Building The Track While Driving the Train

How successful are you at doing all (or most) of your planning before the school year begins?

Does your school provide you with a curriculum or ask you to write your own? Do you have a scope and sequence before the first day of school?

According to the NYC teachers' contract, the DOE is supposed to provide a curriculum for each core subject. The UFT reports that schools are NOT proving this to teachers. Are you in this predicament? I am.

We should have the tracks built before start driving the train. What kind of craziness is it to try to lay down the tracks while you're diving the train?

To be clear, EngageNY is not a curriculum. A textbook is not a curriculum.

A real curriculum should include a scope and sequence. What are the units of study and in what order should they be taught? What are the standards addressed in each unit, and therefore what are the lesson objectives?

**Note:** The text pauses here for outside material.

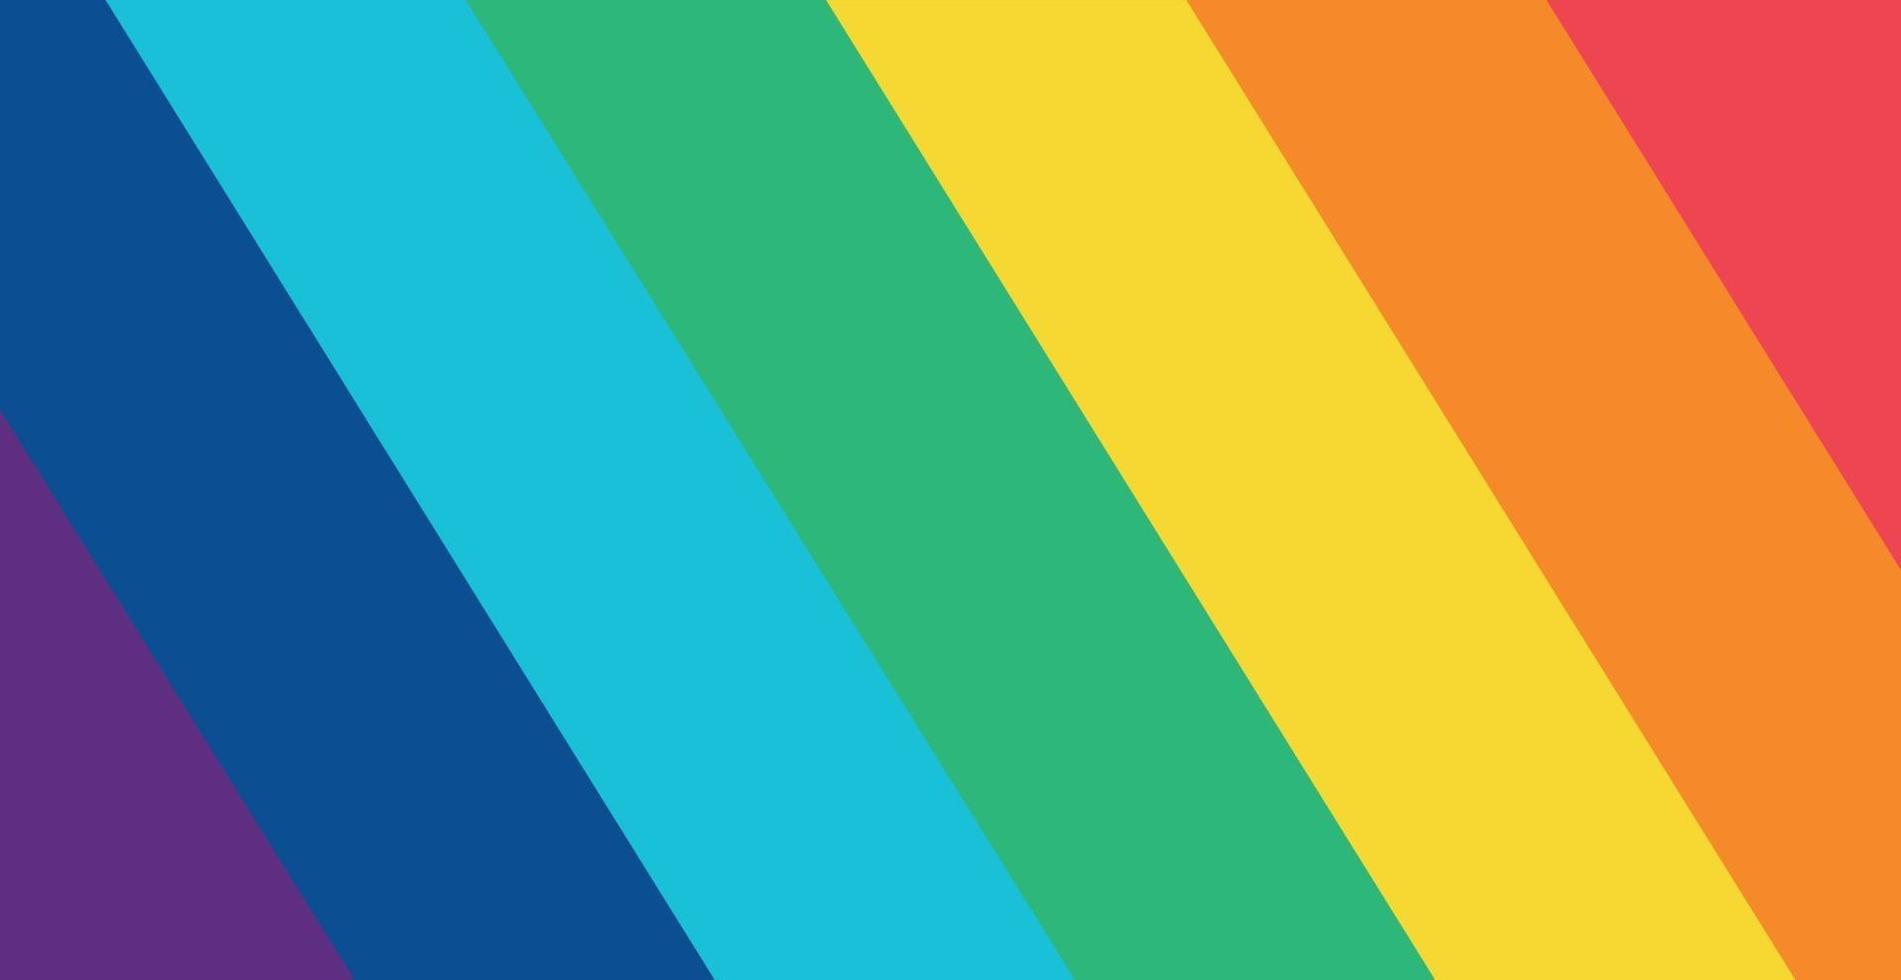 Colores del arco iris multicolor abstracto, 7 tonos - ilustración vectorial vector

These are basic questions that many teachers seem to have difficulty answering. Is this fair to us? Is this fair to students? Why do some schools have curricula and others don't? Would you want your child attending a school where the teachers don't even have a roadmap?

Thursday, October 6, 2016

Am I Wrong?

Today a girl called me over to check her work. She didn't say, "Could you please check my work?" She didn't say, "Did I do this right?" She asked, "Am I wrong?"

This. Kills. Me.

1. Have you ever heard a boy utter these words? I'll bet you that it's never happened.
2. Why do so many students, especially girls, lack confidence in math?
3. Even the wording, "Am I wrong" eats away at me, because it implies that there is something wrong with the person, rather than the work.
4. Even if the work has an error in it, what's the big deal? Errors can be corrected.

For the record, this student was doing her work correctly. So why was there an implicit assumption that her work would not be correct?

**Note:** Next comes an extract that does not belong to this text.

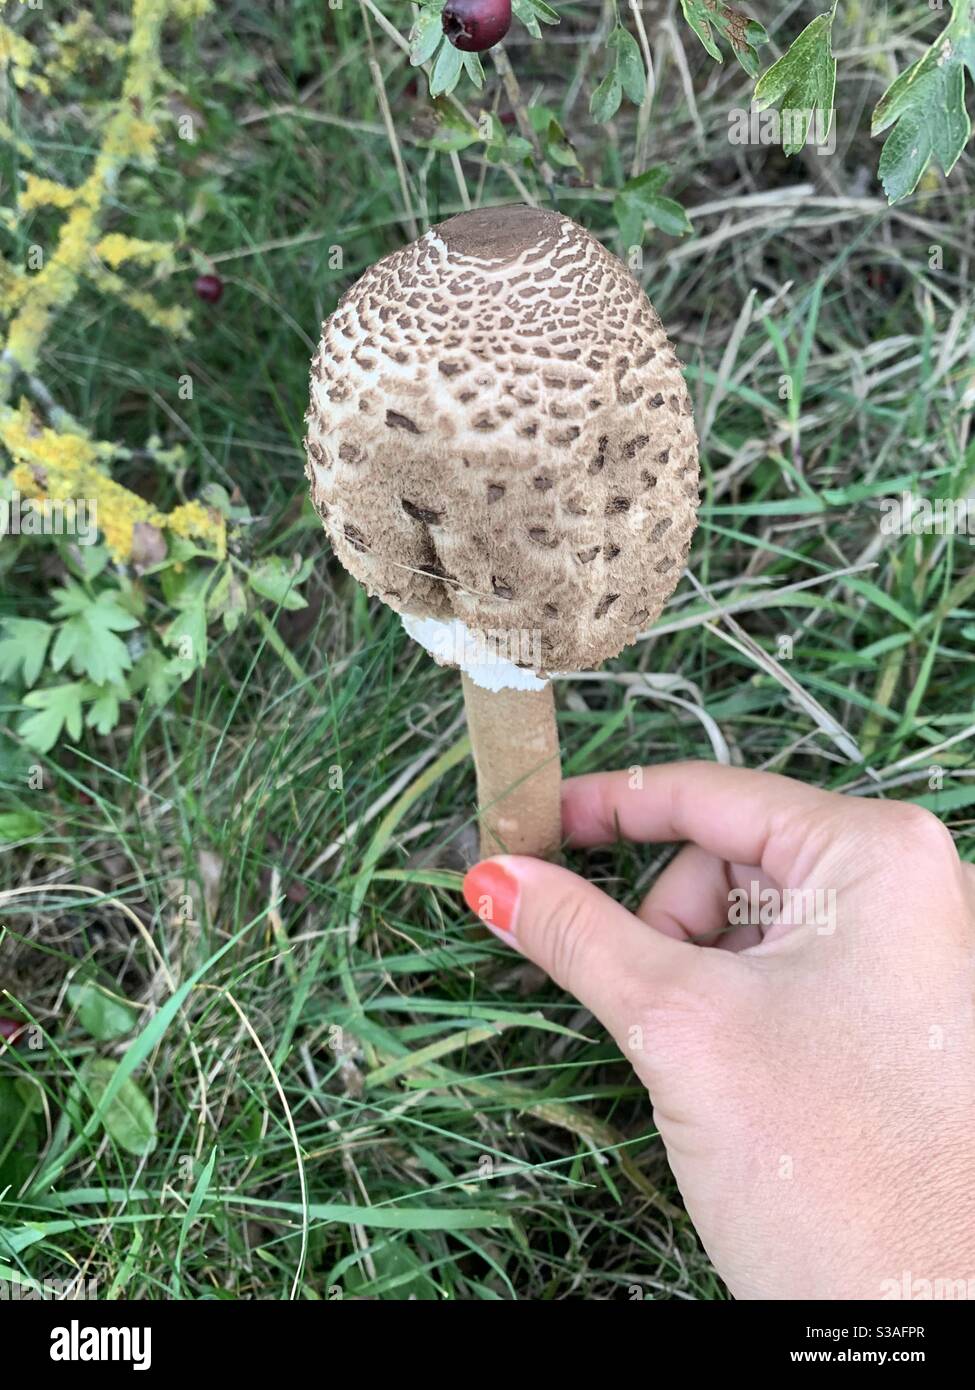 Hand holding shaggy parasol mushroom Stock Photo

How do we as teachers fight this and train our students, especially girls, to have confidence in what they know? I want ALL of my students to be confident and proud. I never want to hear another girl say, "This is probably wrong but...."

How often do you hear girls say things like this in your class? What do you do to combat these attitudes?

A Day With No Foldables, Instead Notice and Wonder

Lately I've been getting a little burned out with how jazzy my Geometry INB is getting. It's a lot of paper. A lot of cutting. A lot of pasting. I'm sure that these are good things to do, but there are other effective ways to teach too.

So for my lesson on exterior angles of a triangles, I tried a take on the Number Strings that I heard about at TMC NYC '16. I used 8 straightforward problems where students could use their prior knowledge on linear pairs and the sum of the interior angles of a triangle to find a particular missing angle (either the exterior angle or one of the remote interior angles). Then I asked them to take a step back and tell me what they noticed and wondered.

Here's what I noticed:

  • Of my 3 geometry classes, only one did an awesome job noticing/wondering and was able to tell me the relationship between the exterior angle and the remote interior angles. 
  • My sophomore group was cooperative in writing down what they noticed and wondered, but they wrote trivial things, probably just to finish the task quickly in hopes of satisfying me. 
  • My other upperclassmen didn't notice or wonder anything. They mostly didn't want to write anything down. Maybe they were just anticipating the final bell. Maybe they didn't feel like thinking. I don't know. 
  • The questions generated by the sophomores made me realize that they didn't notice that there was a purpose to which angle I was asking them to find in each question. They didn't notice that I never once asked them to find the adjacent interior angle (though they knew they had to find it as an intermediate step to finding the answer). 
Overall, the lesson went very well and I'm pleased with it. But I'm still bothered by some students' general lack of perseverance and unwillingness to write their thoughts down on paper. 

Here's what I wonder:
  • How do you get students to persevere, especially when faced with a low-floor task?
  • How do you get students to write in math? 
  • How do you convince students that no idea or question is silly? That all ideas are valued and worth using? 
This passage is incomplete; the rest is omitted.